That is correct. The missing part for you is setting up each node. Dozzle v7 implemented all logic to manage services, stacks across nodes. However, the nodes still need to be setup using DOZZLE_REMOTE_HOST. This is not perfect but I am thinking about it.

Here is an example using socket proxy with swarm that should work:

services:
  dozzle:
    image: amir20/dozzle:latest
    ports:
      - "7575:8080"
    environment:
      DOZZLE_REMOTE_HOST: tcp://<yourfirstdockernodehostnamehere>-doz_proxy:2375,tcp://<yourseconddockernodehostnamehere>-doz_proxy:2375,etc...
    deploy:
      replicas: 1
      update_config:
        delay: 20s
        failure_action: rollback   

  proxy:
    image: tecnativa/docker-socket-proxy:0.1.2
    hostname: "{{.Node.Hostname}}-{{.Service.Name}}"
    volumes:
      - /var/run/docker.sock:/var/run/docker.sock:ro
    environment:
      CONTAINERS: 1
      INFO: 1      
    deploy:
      mode: global
      update_config:
        delay: 20s
        failure_action: rollback    

Note the use of DOZZLE_REMOTE_HOST as documented https://dozzle.dev/guide/remote-hosts. Then each swarm node needs to have tecnativa/docker-socket-proxy.

On the roadmap

In the future I'd like to leverage mode: global and remove the need for proxy. However that is not implemented now. Currently, Dozzle does the swarm grouping based on what it can see. Other solutions like dockge or portainer have agents. I think that's too much personally. But I am thinking maybe Dozzle can communicate with itself.

One of the biggest reason I haven't implemented is that I feel remote hosts are a super set of everything. And it does work with swarm too. The only downside is that one would need to manage their own nodes. So if you have a lot of nodes updating then it would be a pain.

  1. Let me know if the example solution works for you
  2. Let me know what your thoughts are on the future of Dozzle with swarm support.
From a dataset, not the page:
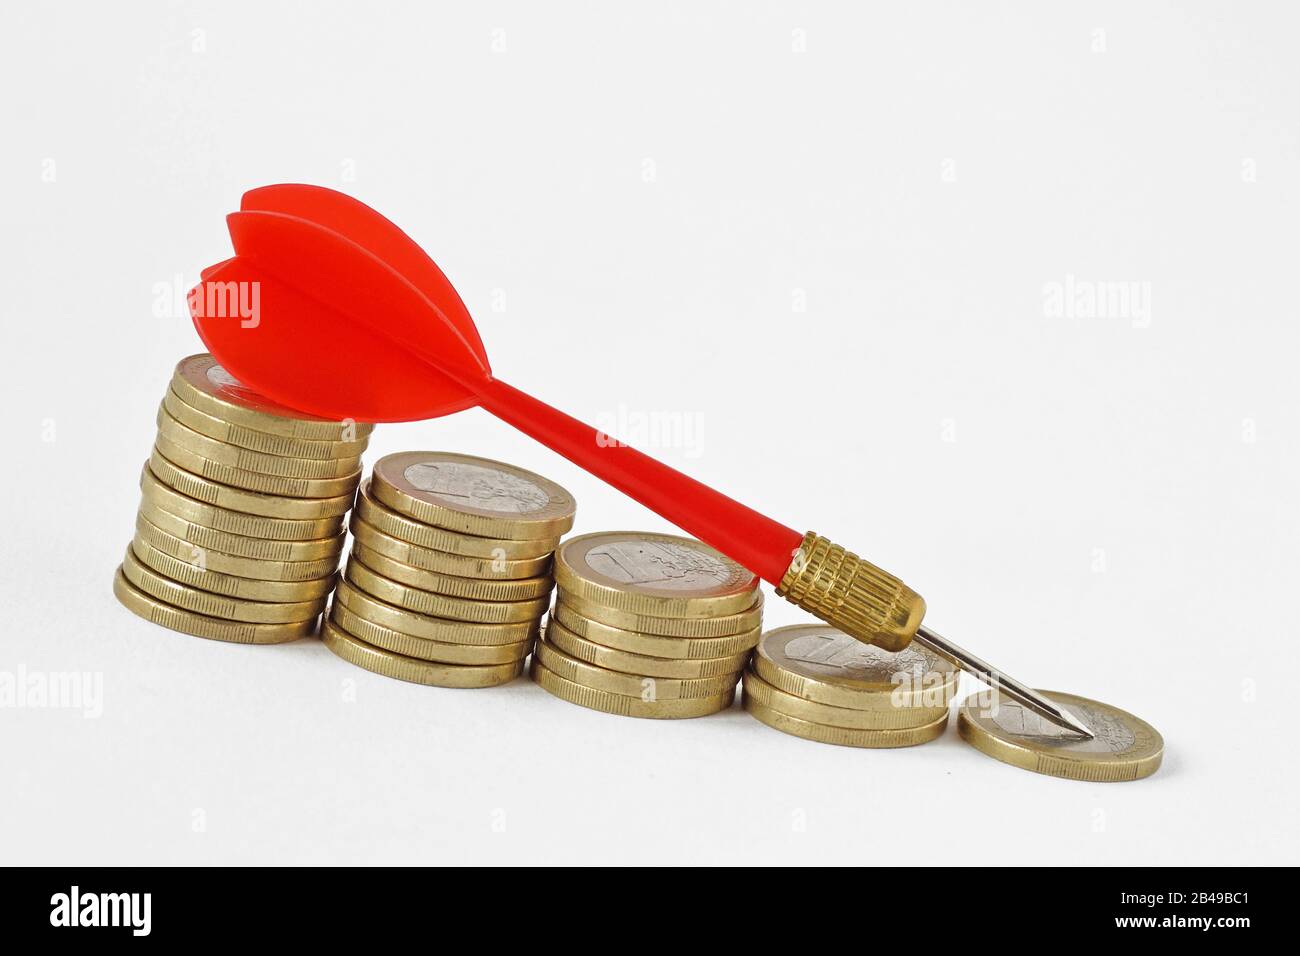 Roter Pfeil auf sinkenden gestapelten Münzen - Geldverlust Konzept Stockfoto
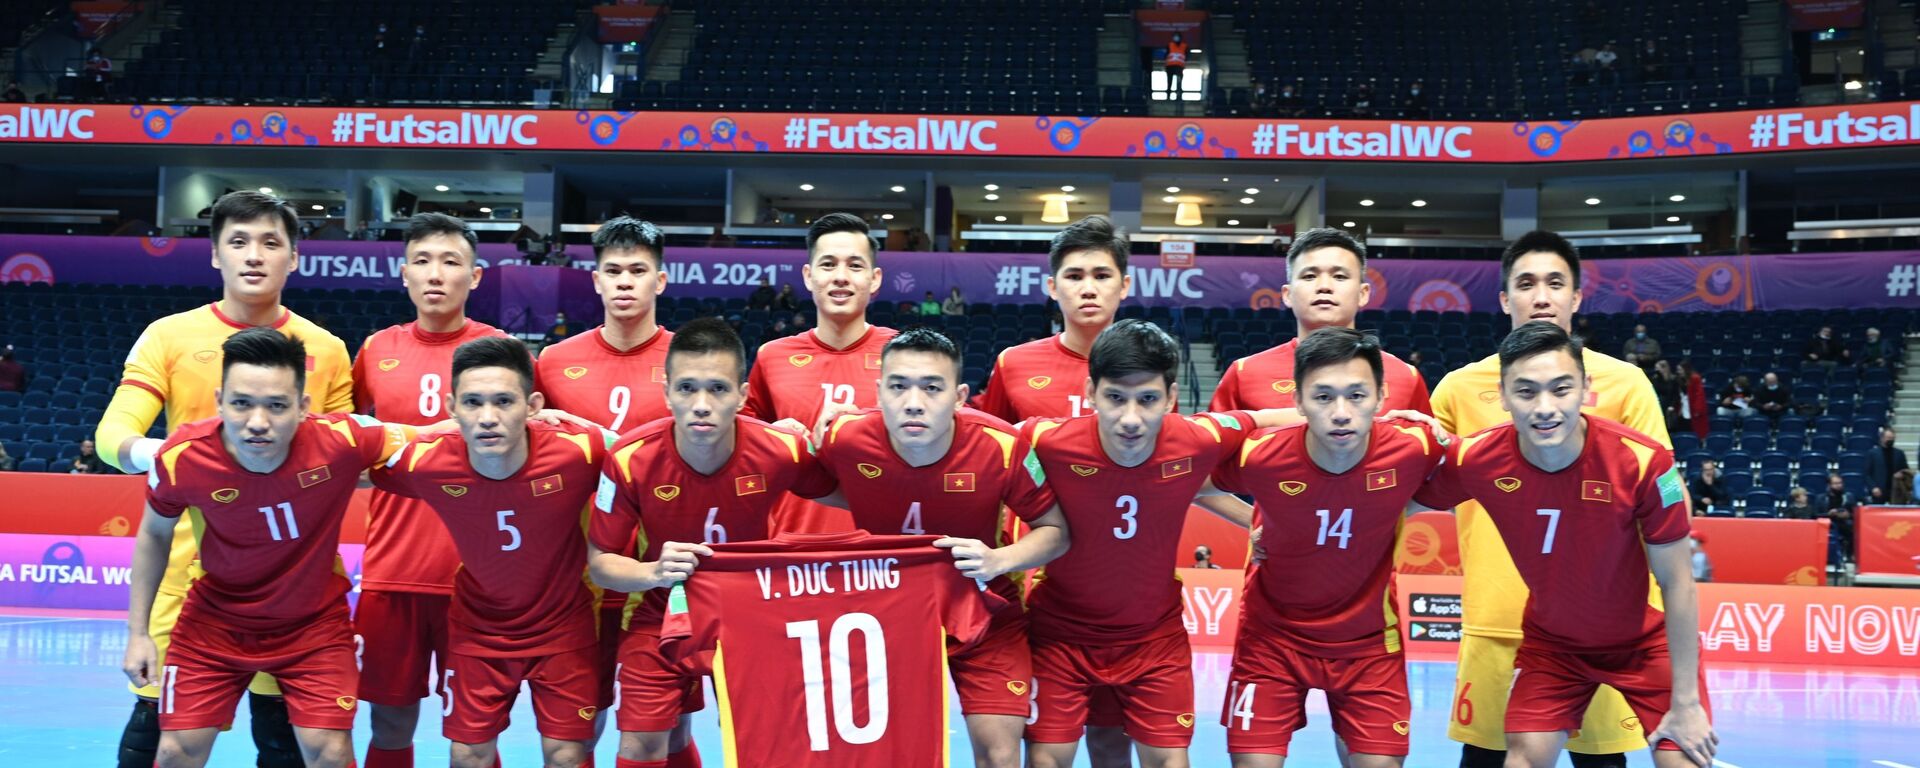 VCK Futsal World Cup 2021: Thua sát nút Á quân thế giới, tuyển Việt Nam chia tay World Cup futsal 2021 - Sputnik Việt Nam, 1920, 22.09.2021

I think it makes sense to have a simpler setup, but I don't know if there is any tradeoffs to just have remote hosts via socket-proxy.

Thanks!

falkheiland commented 3 months ago

i did the changes and am now facing another problem.

time="2024-06-19T17:51:54+02:00" level=warning msg="Could not connect to remote host tcp:n1-monitoring_dozzle_proxy:2375: error during connect: Get \"http://n1-monitoring_dozzle_proxy:2375/v1.45/containers/json?all=1\": dial tcp: lookup n1-monitoring_dozzle_proxy on 127.0.0.11:53: server misbehaving"

i can ping the hostname from all the dozzle_proxies to all the dozzle_proxies, i also can get the file http://n3-monitoring_dozzle_proxy:2375/v1.45/info (which also appears in the logs) form all the dozzle_proxies.

also a nc on 2375 is responding from dozzle_proxy to dozzle_proxy.

but i cannot test from the dozzle container itself - since i cannot get a console session.

OCI runtime exec failed: exec failed: unable to start container process: exec: "sh": executable file not found in $PATH: unknown

 *  The terminal process "/bin/bash '-c', 'docker exec -it 5b71b6cdad50f39858b6e096a739d01fe52be024926f1f90c06f2a5a45dbb5bd sh'" failed to launch (exit code: 126). 
 *  Terminal will be reused by tasks, press any key to close it. 

is there way to debug from that container itself?

amir20 commented 3 months ago

Hmmm. Can you enable debug mode? https://dozzle.dev/guide/debugging

Admittedly, I have never seen server misbehaving error. I will do a little research.

Does curl http://n1-monitoring_dozzle_proxy:2375/v1.45/containers/json work?

I guess this sort of answers my second question. One con of having to use proxy is the confusion of setting it up. I imagine having an agent similar to your first setup would have avoided that. :)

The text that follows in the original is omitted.